Use Kullback-Leibler (KL) divergence to quantify the difference $$ KL(q||p) = \int_\vtt q(\vtt;\vtvt)\log \frac{q(\vtt;\vtvt)}{p(\vtt)} d\vtt = \underbrace{\bE_q[\log q(\vtt;\vtvt)]}_{\equiv -H[q]} - \bE_q[\log p(\vtt)] $$
- If $p=q$, $\log=1$ and $KL=0$
- If $p$ and $q$ are more different, $KL$ is larger
- $H(q)$ is called entropy - to be discussed soon
We know $$ p(\vtt) = \frac{1}{Z}\tilde{p}(\vtt) = \frac{1}{Z} \exp(-\cJ(\vtt)/\tau) $$ so in KL divergence $$ \bE_q[\log p(\vtt)] = \bE_q[-\cJ(\vtt)/\tau - \log Z] \propto \frac{1}{\tau}\bE_q[-\cJ(\vtt)] $$ where $Z$ is a constant that can be ignored.
Then, minimizing KL is equivalent to the following $$ \min_\vtvt KL(q||p) = \underbrace{\bE_q[\cJ(\vtt)]}_{\text{Cost}} - \tau H[q] $$
- Now the variable is $\vtvt$ and $KL$ is differentiable!
- Cost is for minimizing $\cJ$ (weighted by $q$)

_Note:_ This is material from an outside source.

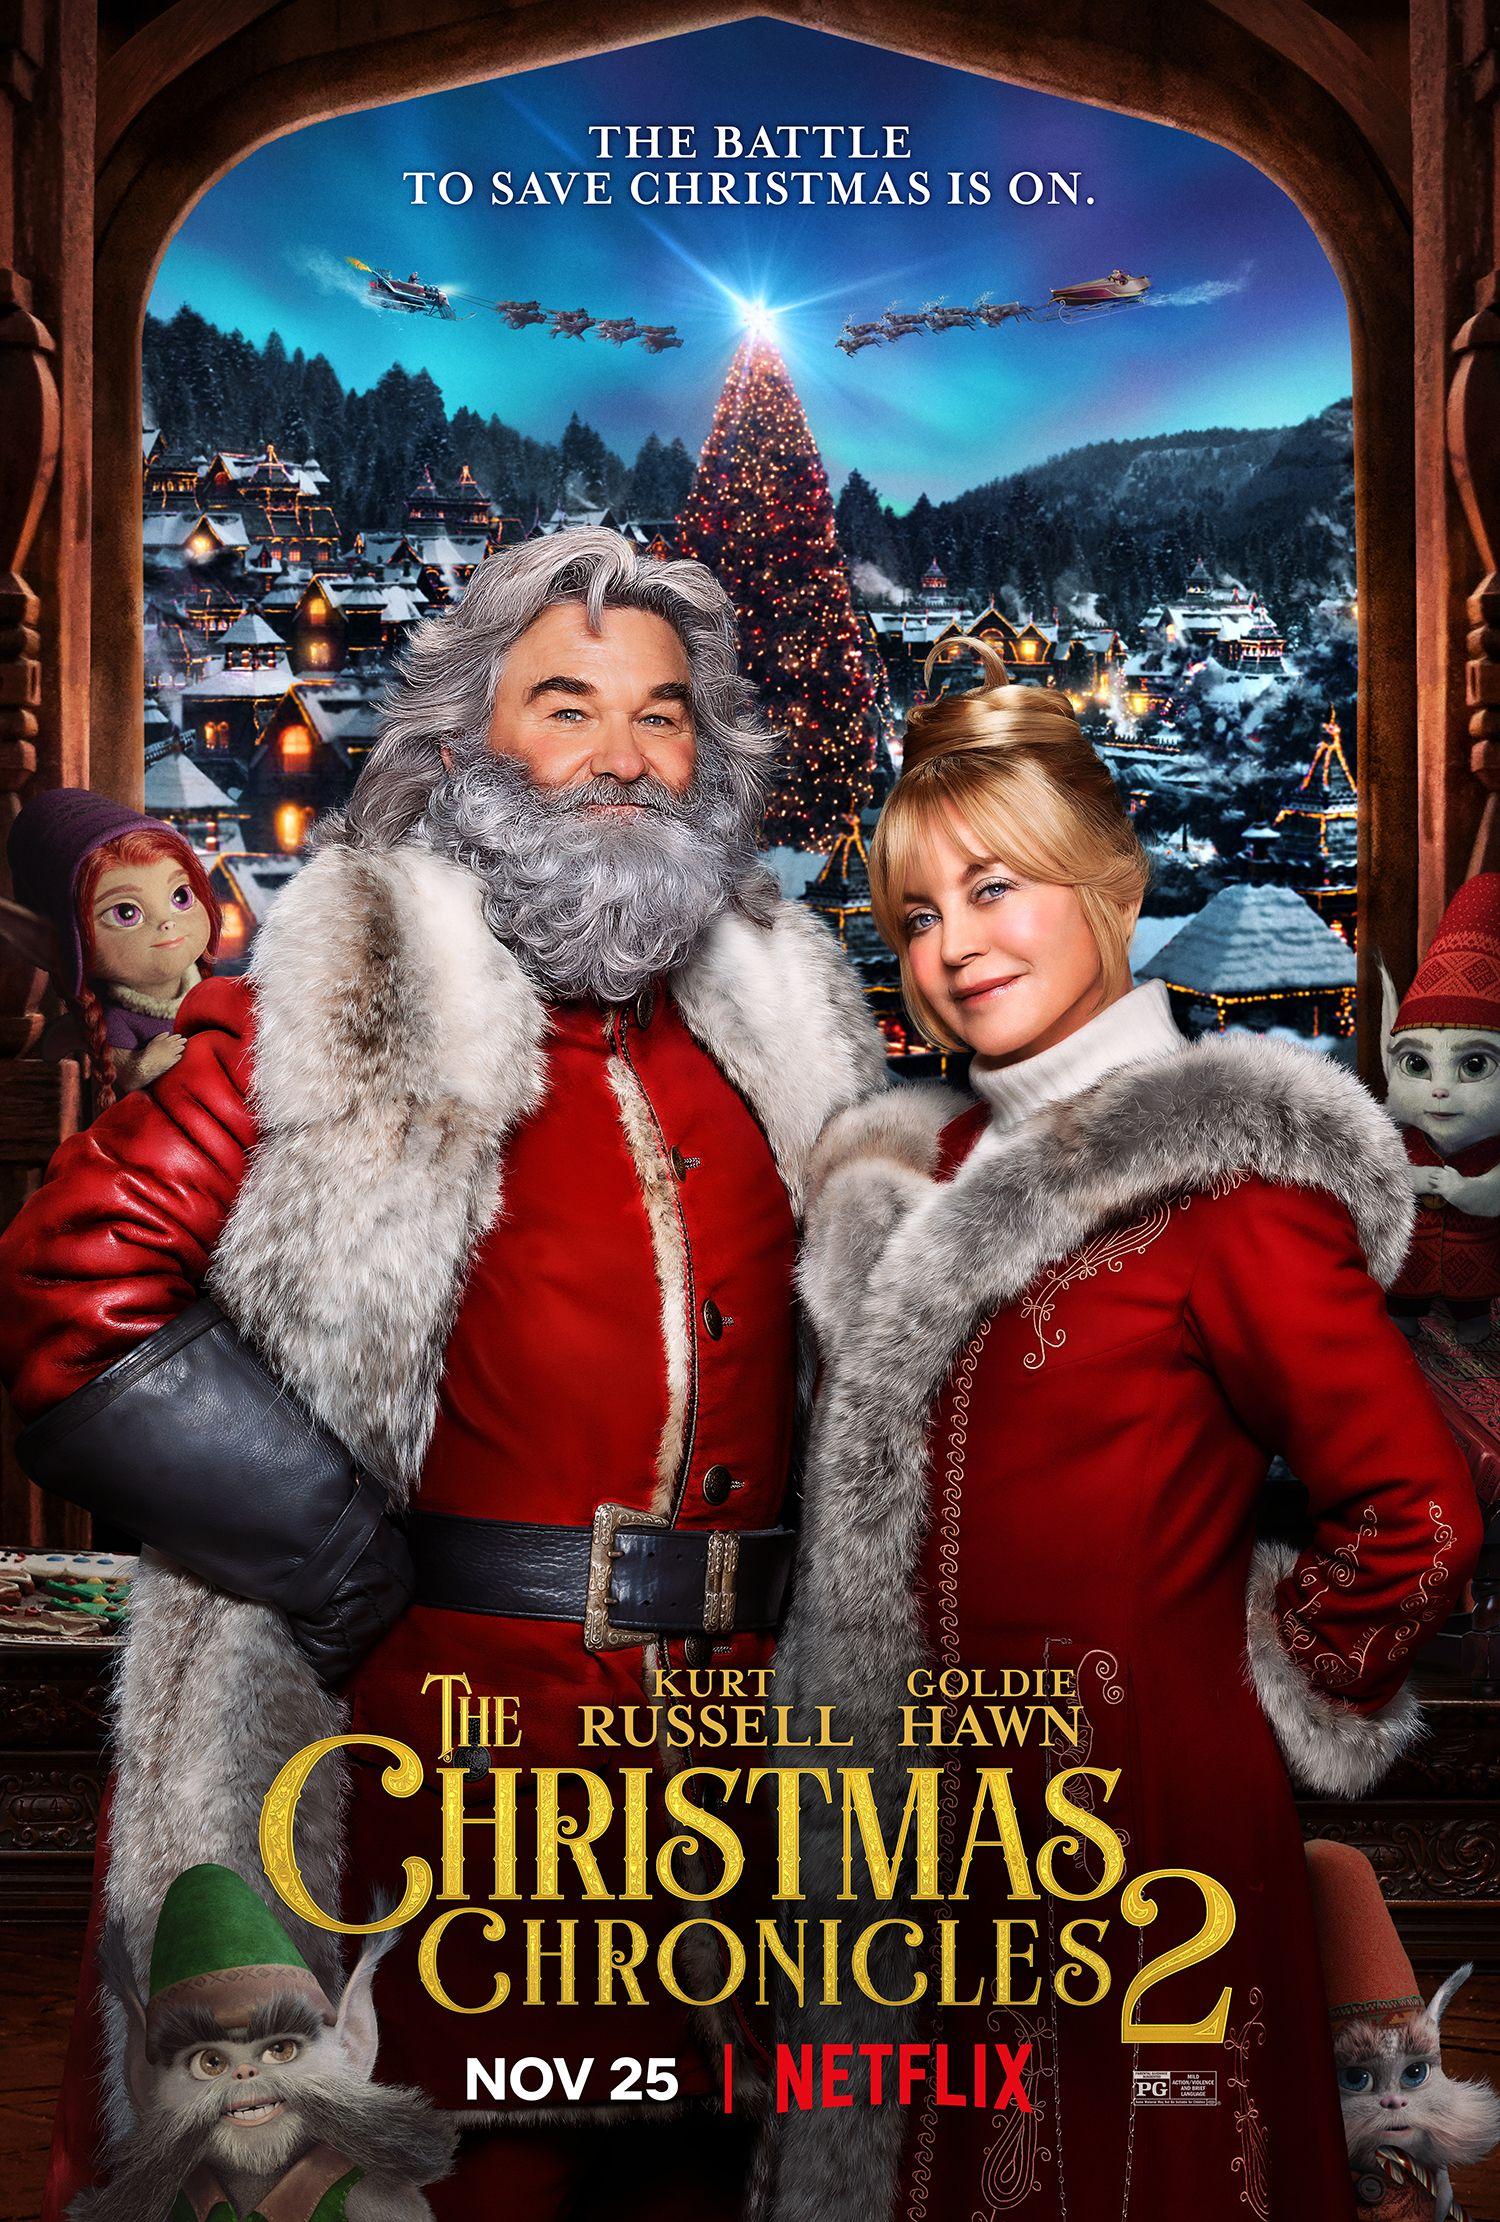 The Christmas Chronicles 2 Filmes Online Gratis Dublado Filmes Online Gratis Filmes
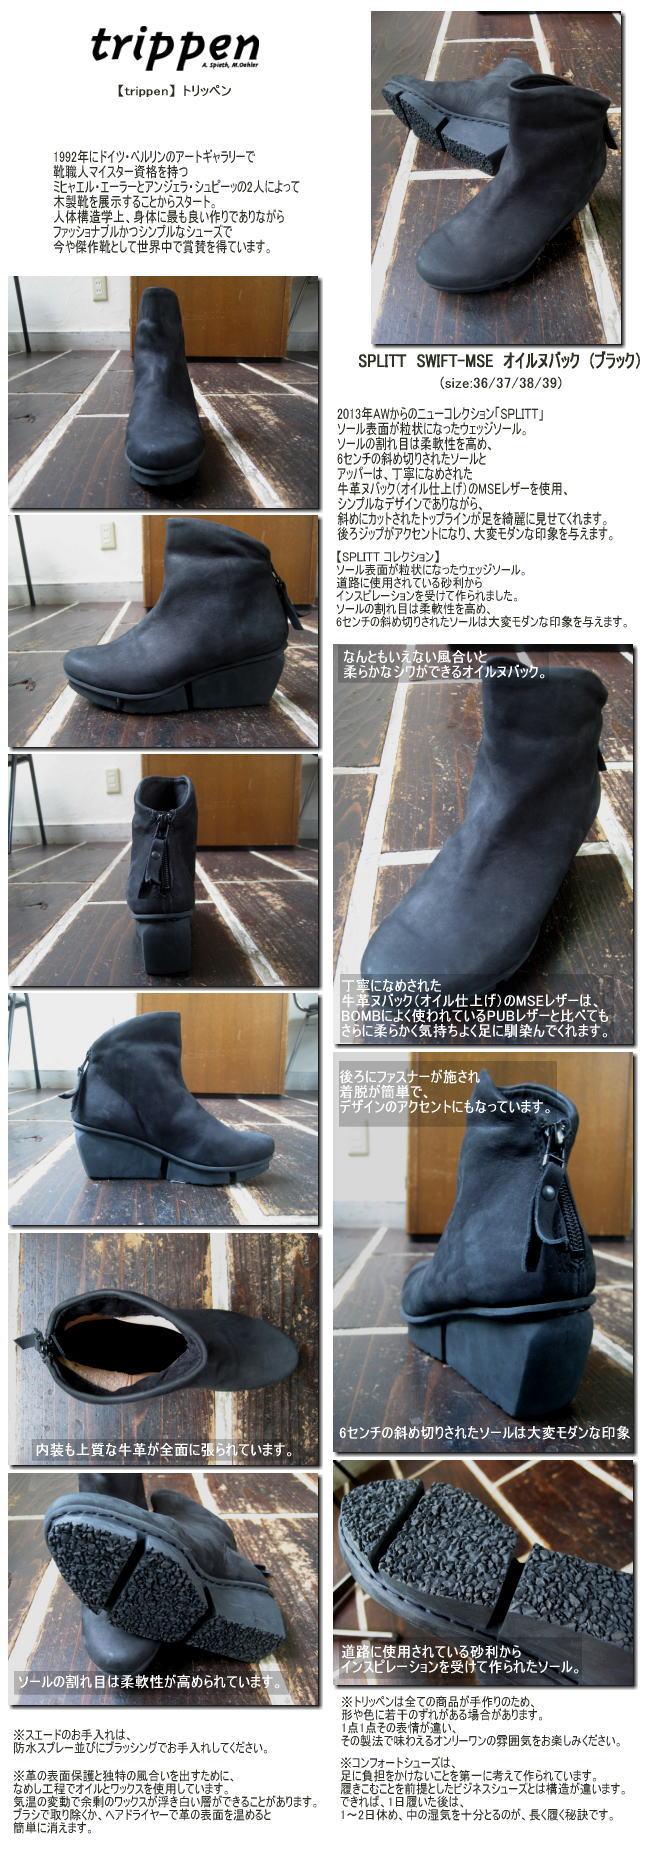 【trippen】トリッペン ショートブーツ SPLITT SWIFT-MSE オイルヌバック (ブラック) size36/37/38

- Entropy is for regularization
- e.g., for 1D Gaussian, $-H\propto (\log\sigma)$ - so larger $\sigma$ means larger $(-H)$
- If $q$ is "narrow", minimizer is more "local" $\Leftrightarrow$ $\sigma$ is small, $-H$ is small
- Larger entropy means larger $\sigma$ and promotes exploration
- Lowering $\tau$ narrows down $q$
Reparameterization trick¶
A technical detail is in the gradient of cost. $$ \bE_q[\cJ(\vtt)] = \int_\vtt q(\vtt;\vtvt)\cJ(\vtt) d\vtt \approx \frac{1}{N} \sum_{i=1}^N \cJ(\vtt_i),\quad \vtt_i\sim q(\vtt_i;\vtvt) $$
How to take the gradient of a sample $\cJ(\vtt_i)$?
In the typical choice of $q\sim\cN(\mu,\Sigma)$, $\Sigma=LL^\top$, one can do $$ \cJ(\vtt_i) = \cJ(\mu+L\epsilon_i),\quad \epsilon_i\sim\cN(0,I) $$ Let $\vtvt=[\mu,L]$, the gradient $\nabla_\vtvt\cJ$ can be computed naturally.